> _What the task asks_
Everything from the line holding "Interiors and House" through the last line of the data, and nothing else, should be retyped exactly, with no pictures.

> _Information shown_
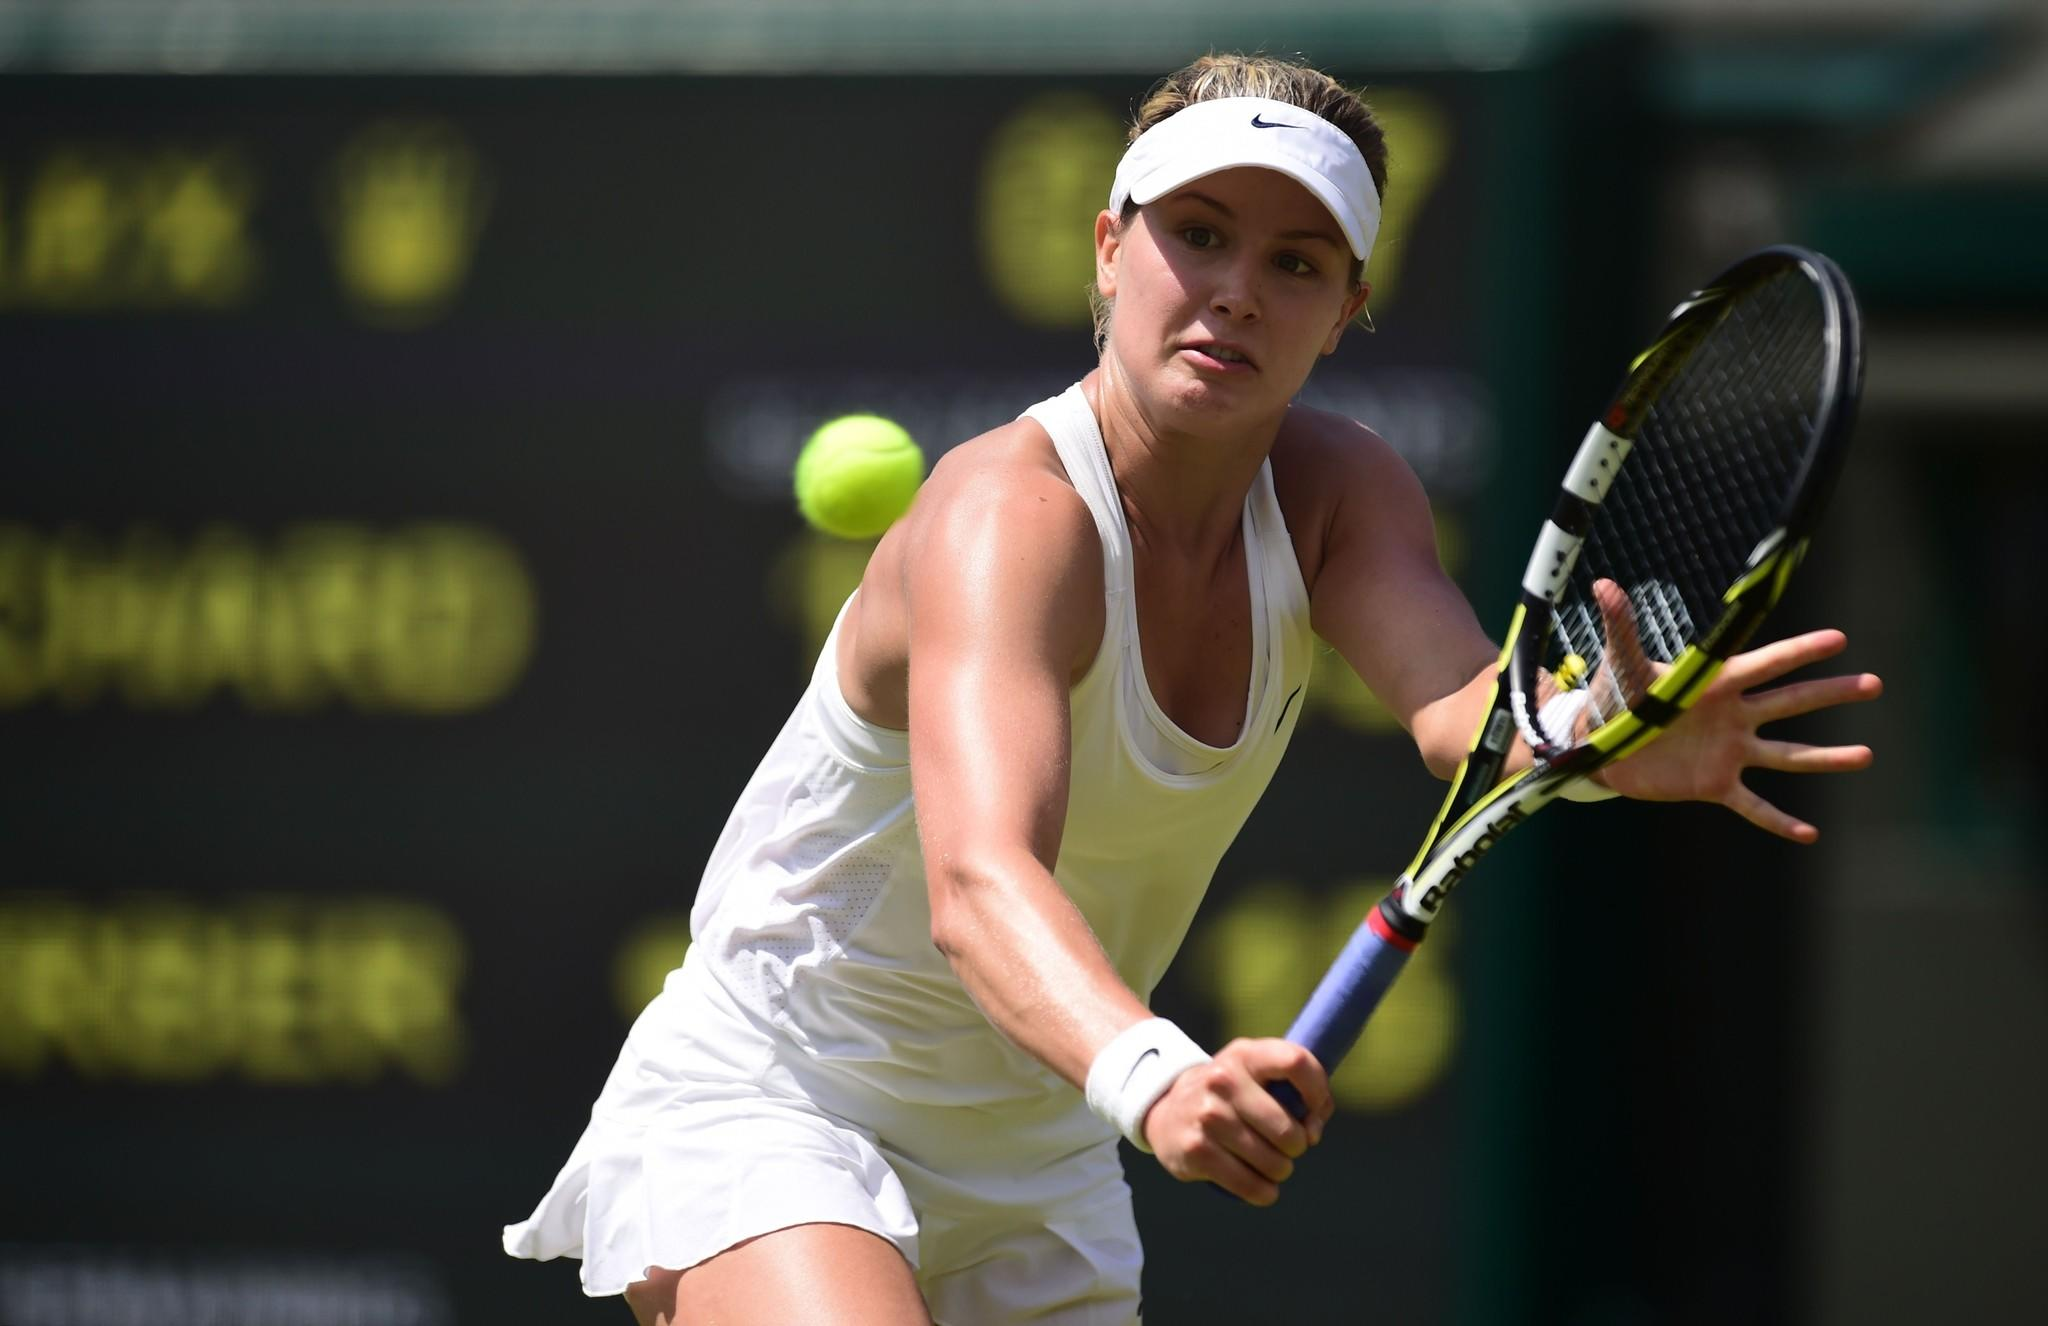 Eugenie Bouchard returns to Angelique Kerber during their women's singles quarterfinal match.
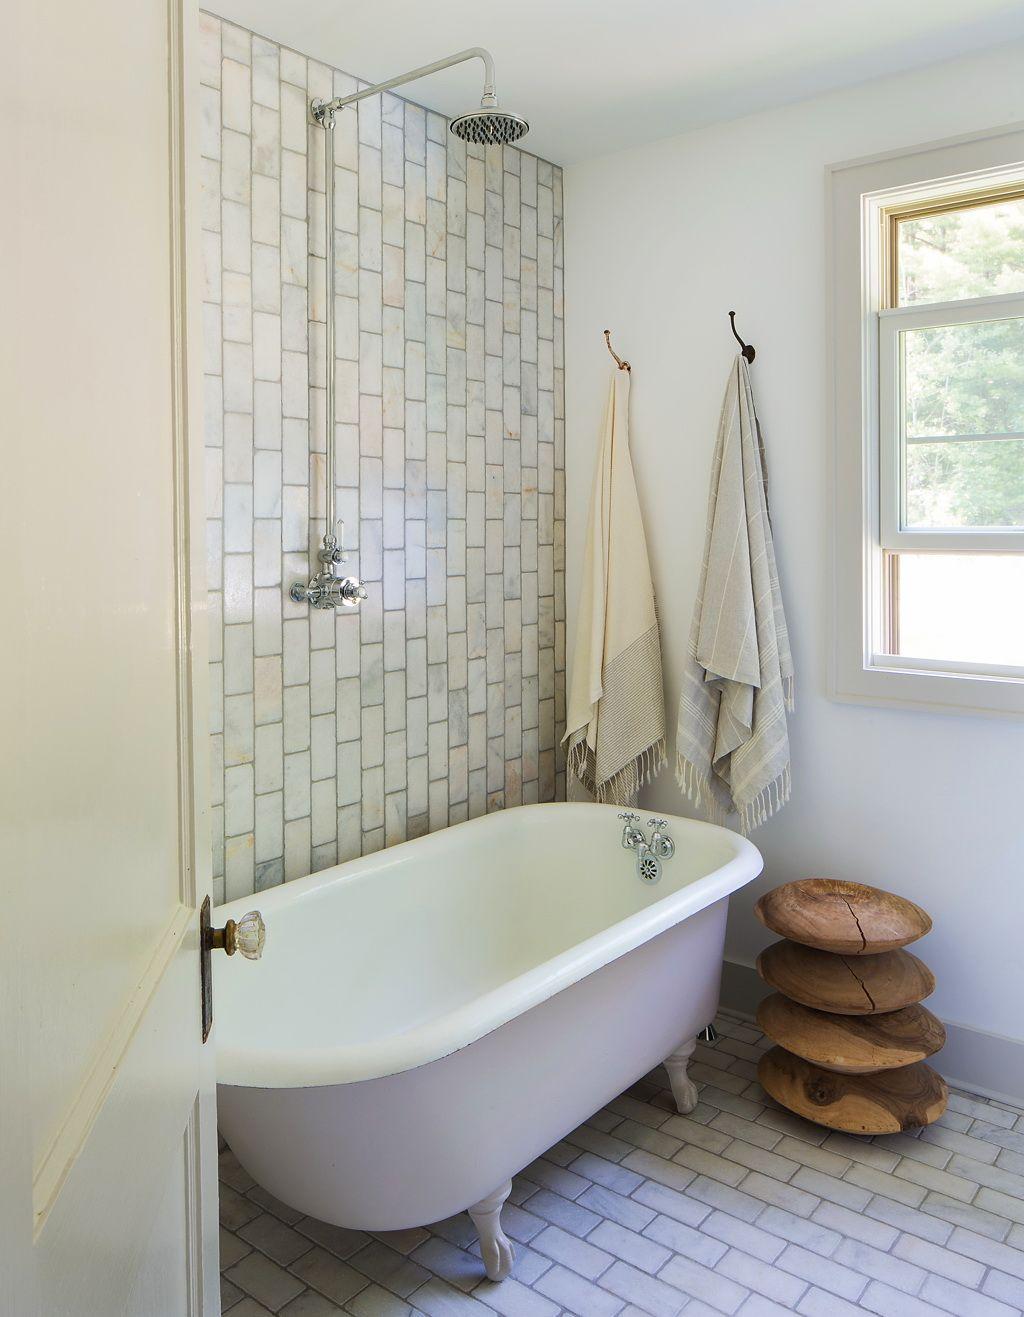 Remodelista-9   Bathroom   Pinterest   Nest, Interiors and House
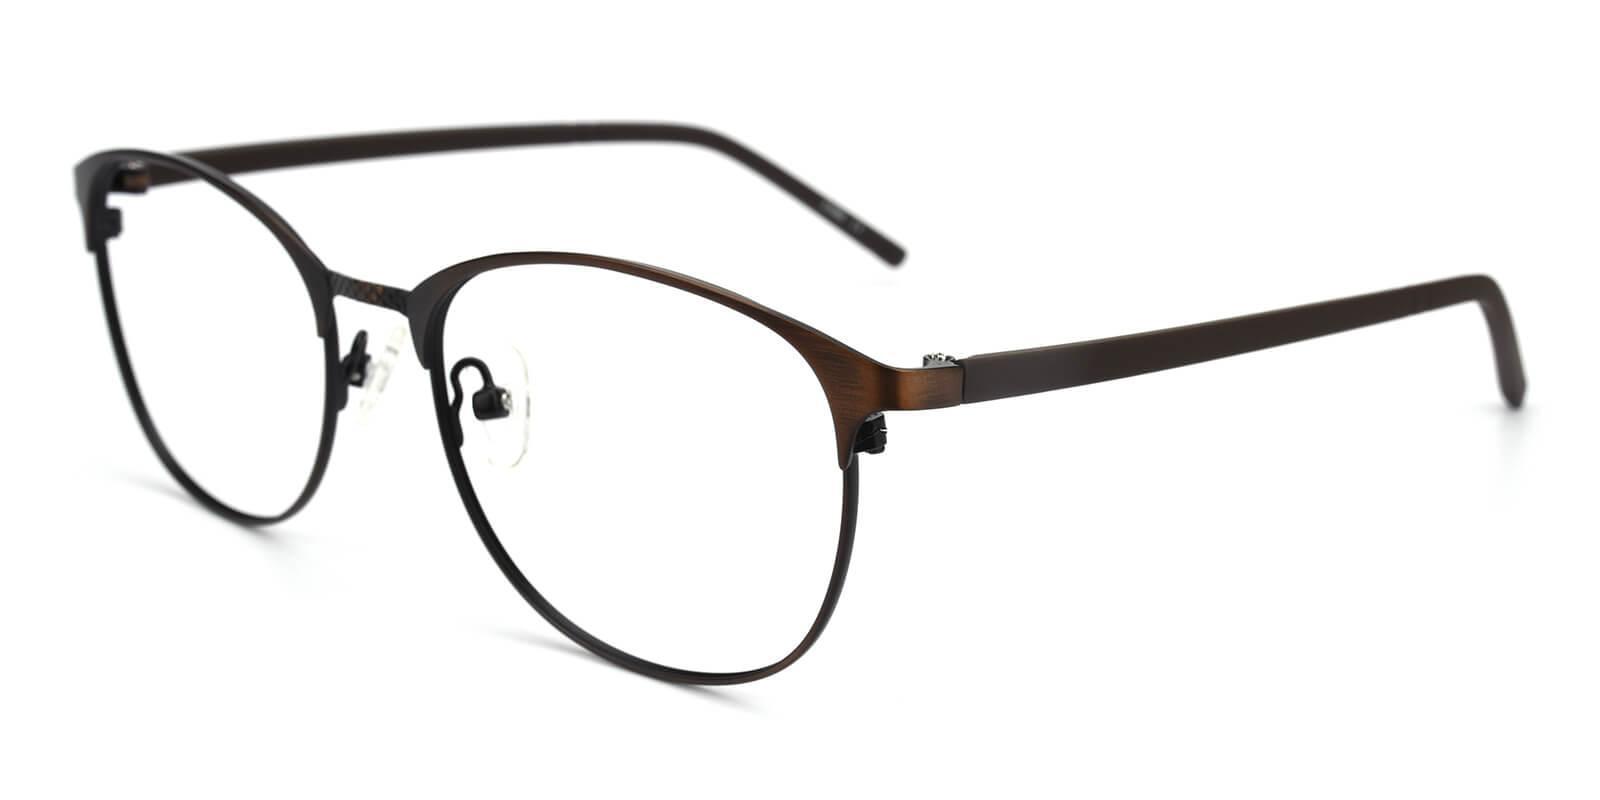 Gorge-Brown-Round-Metal-Eyeglasses-additional1

> _Solution to the problem_
 Remodelista-9   Bathroom   Pinterest   Nest, Interiors and House
 Gorge-Brown-Round-Metal-Eyeglasses-additional1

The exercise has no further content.